Saturday, October 29, 2011

The Life of Architecture Is Always Important

When I was a student at Politecnico, I was always cited by the professors as an example not to follow! This means, undoubtedly, that my architecture provoked something passionate and something hateful, and I don’t know frankly why. But I believe every one of us expresses himself in his own work, and there is something personal in my work, which I passed along.

I believe that the major importance of life is based on moral and poetic principles. I always think of several moments and memories. The memory of the city is very important; the collective memory not the personal memory. In this sense, I find the life of architecture always important.

The emergence of relations among things, more than the things themselves, always gives rise to new meanings.

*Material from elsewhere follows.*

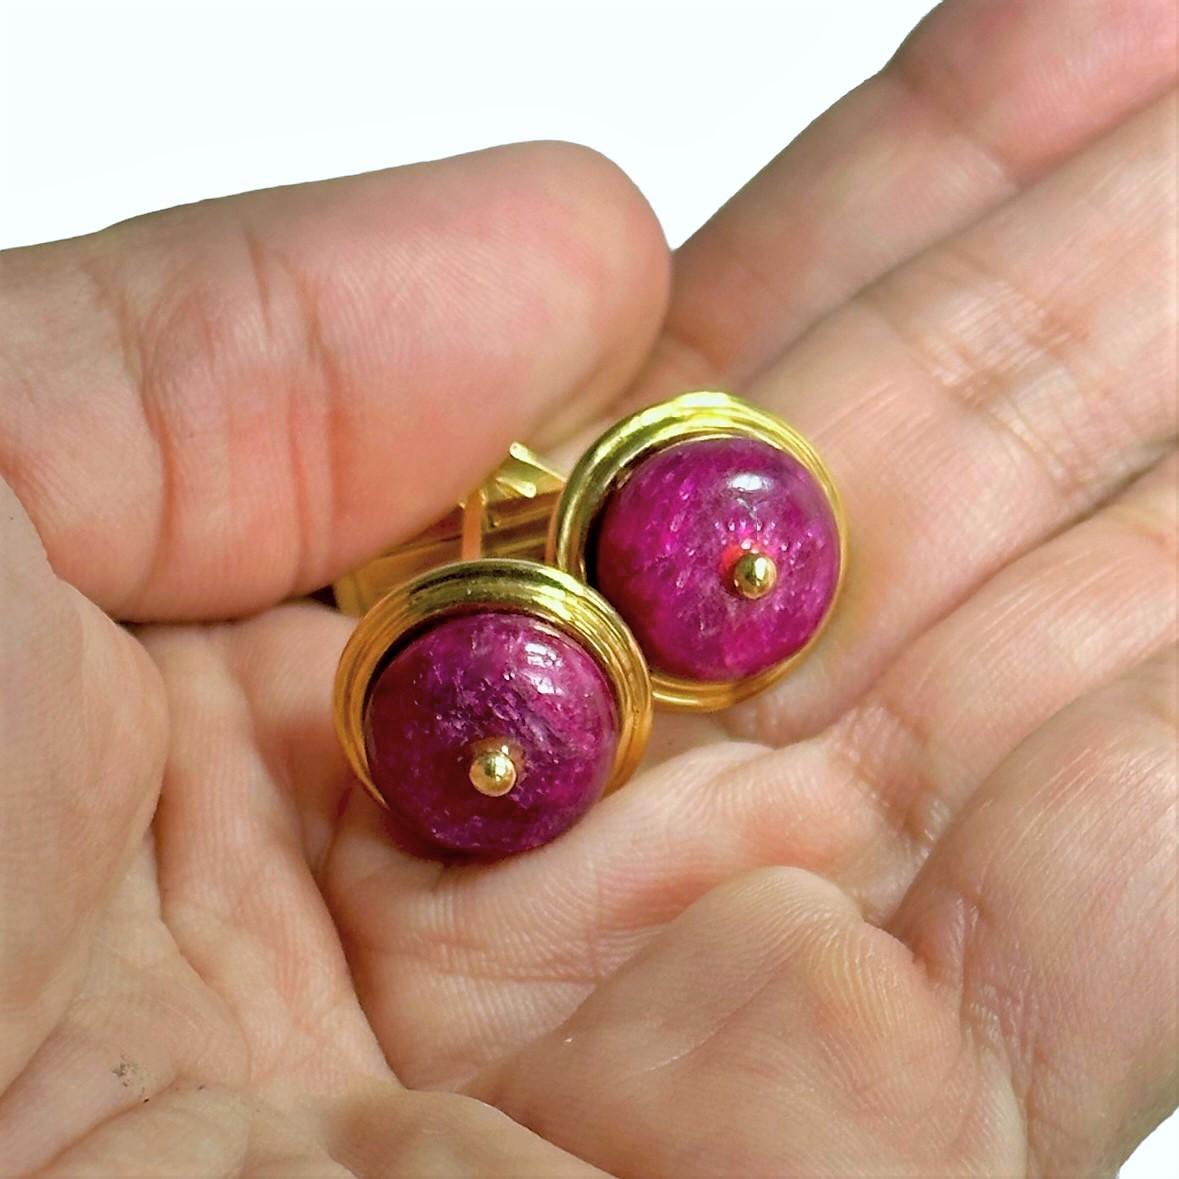 Vintage Emis Beros Gold Cuff Links with Vivid Ruby Bead Centers In Good Condition For Sale In Palm Beach, FL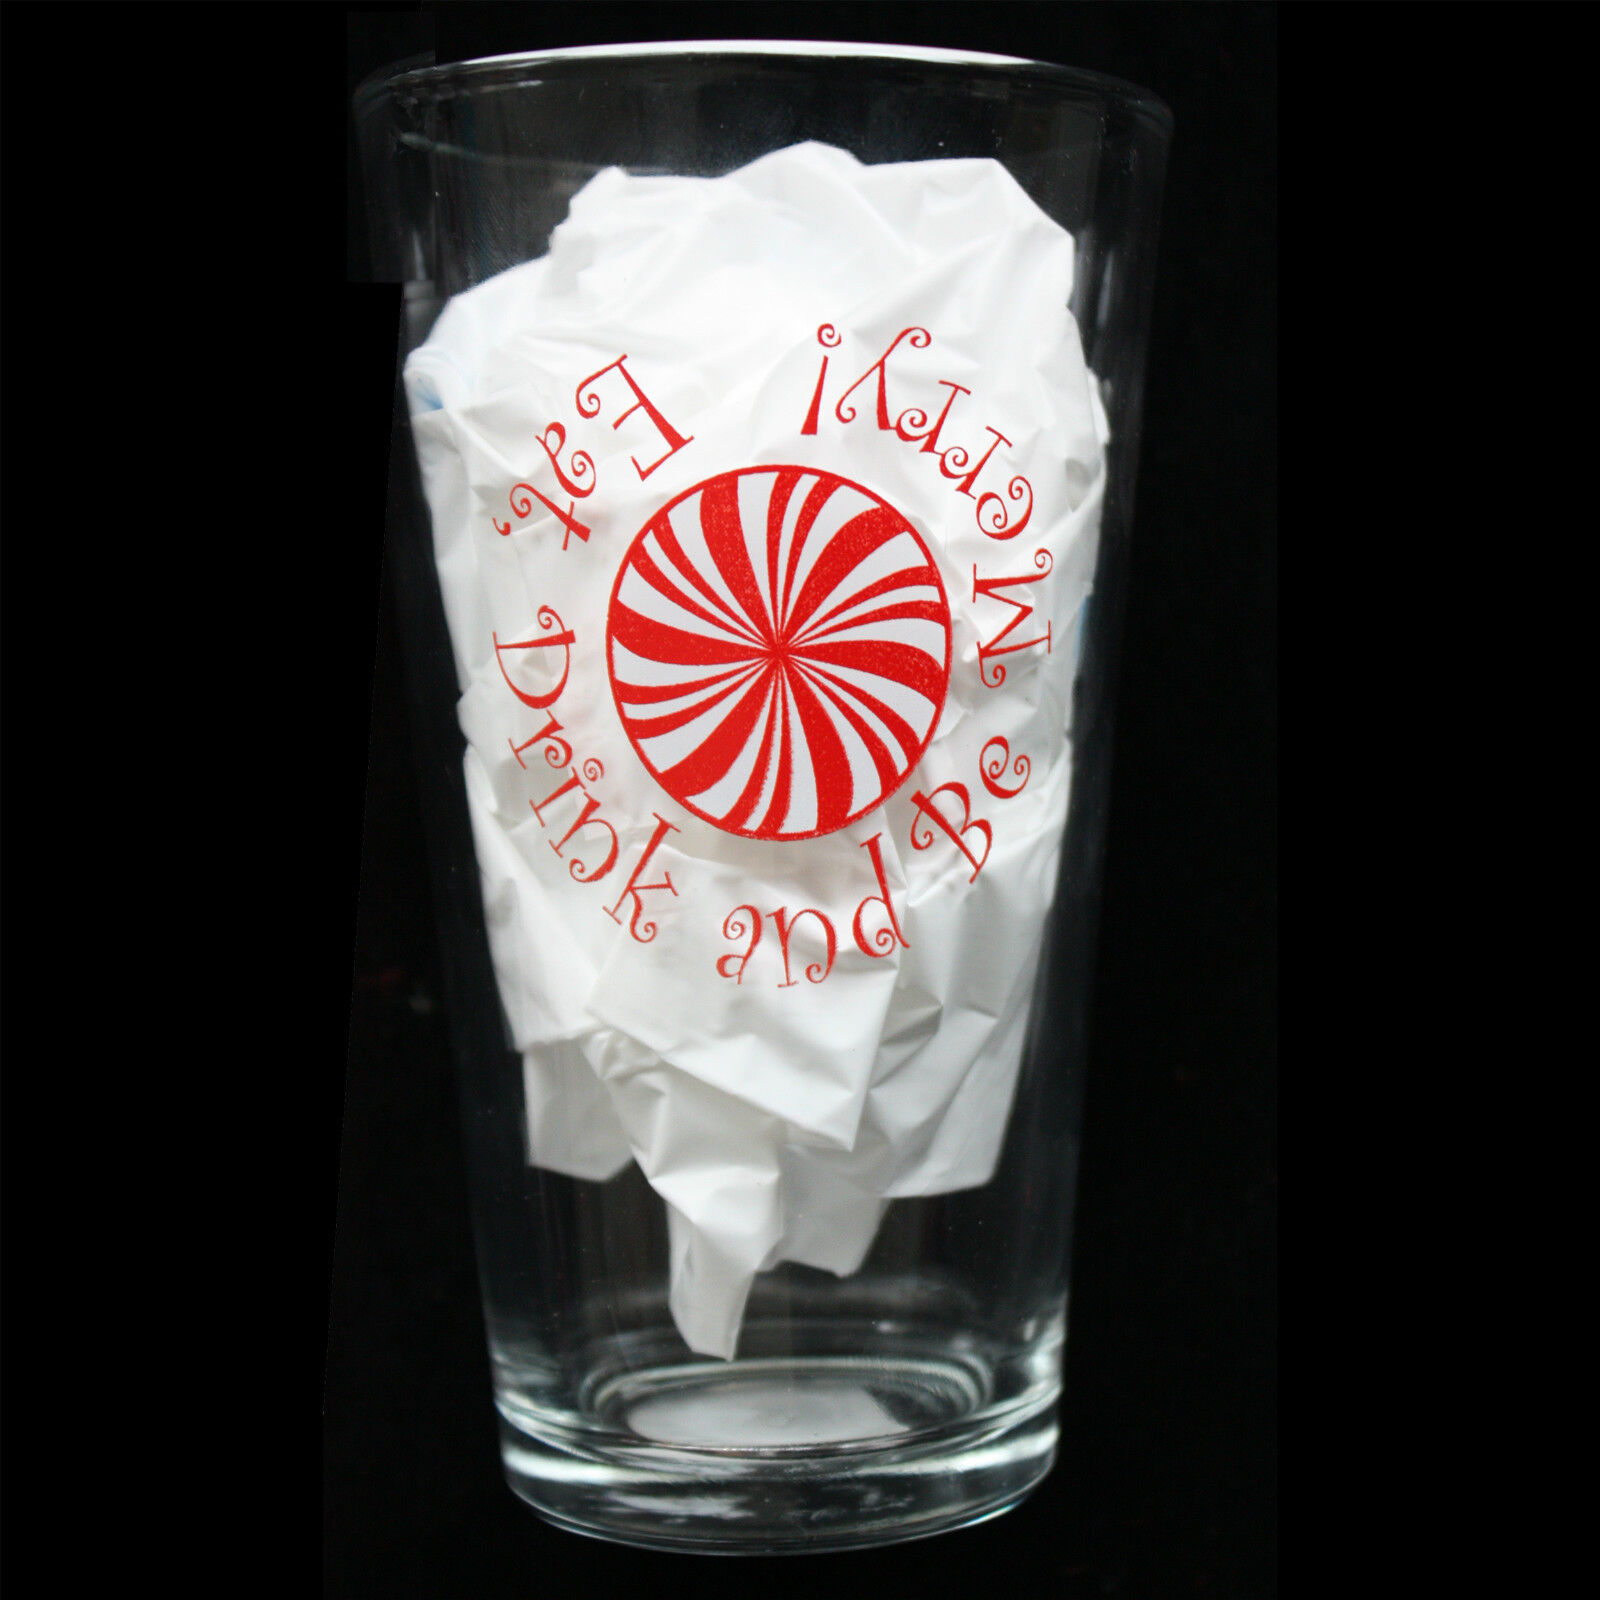 Peppermint Candy EAT DRINK BE MERRY Beer Pint Glass Holiday Party Bar Decoration

Because every aspect of the building is anticipated, and because it is precisely this anticipation that allows for freedom, the architecture is like a date, a honeymoon, a vacation—like everything that is anticipated so that it can occur. Although I also love what is uncertain, I have always thought that only small-minded people with little imagination are opposed to discreet acts of organization; for it is only such efforts of organization that in the end permit contretemps, variations, joys, disappointments.

An architectural project is a vocational or a love affair; in either case, it is a construction. One can hold oneself back in the face of this vocation or affair, but it will always remain an unresolved thing.

The houses of the dead and those of childhood, the theater, or the house of representation—all these projects and buildings seem to me to embrace the seasons and ages of life. Yet they no more represent themes than functions; rather they are the forms in which life, and therefore death, are manifested.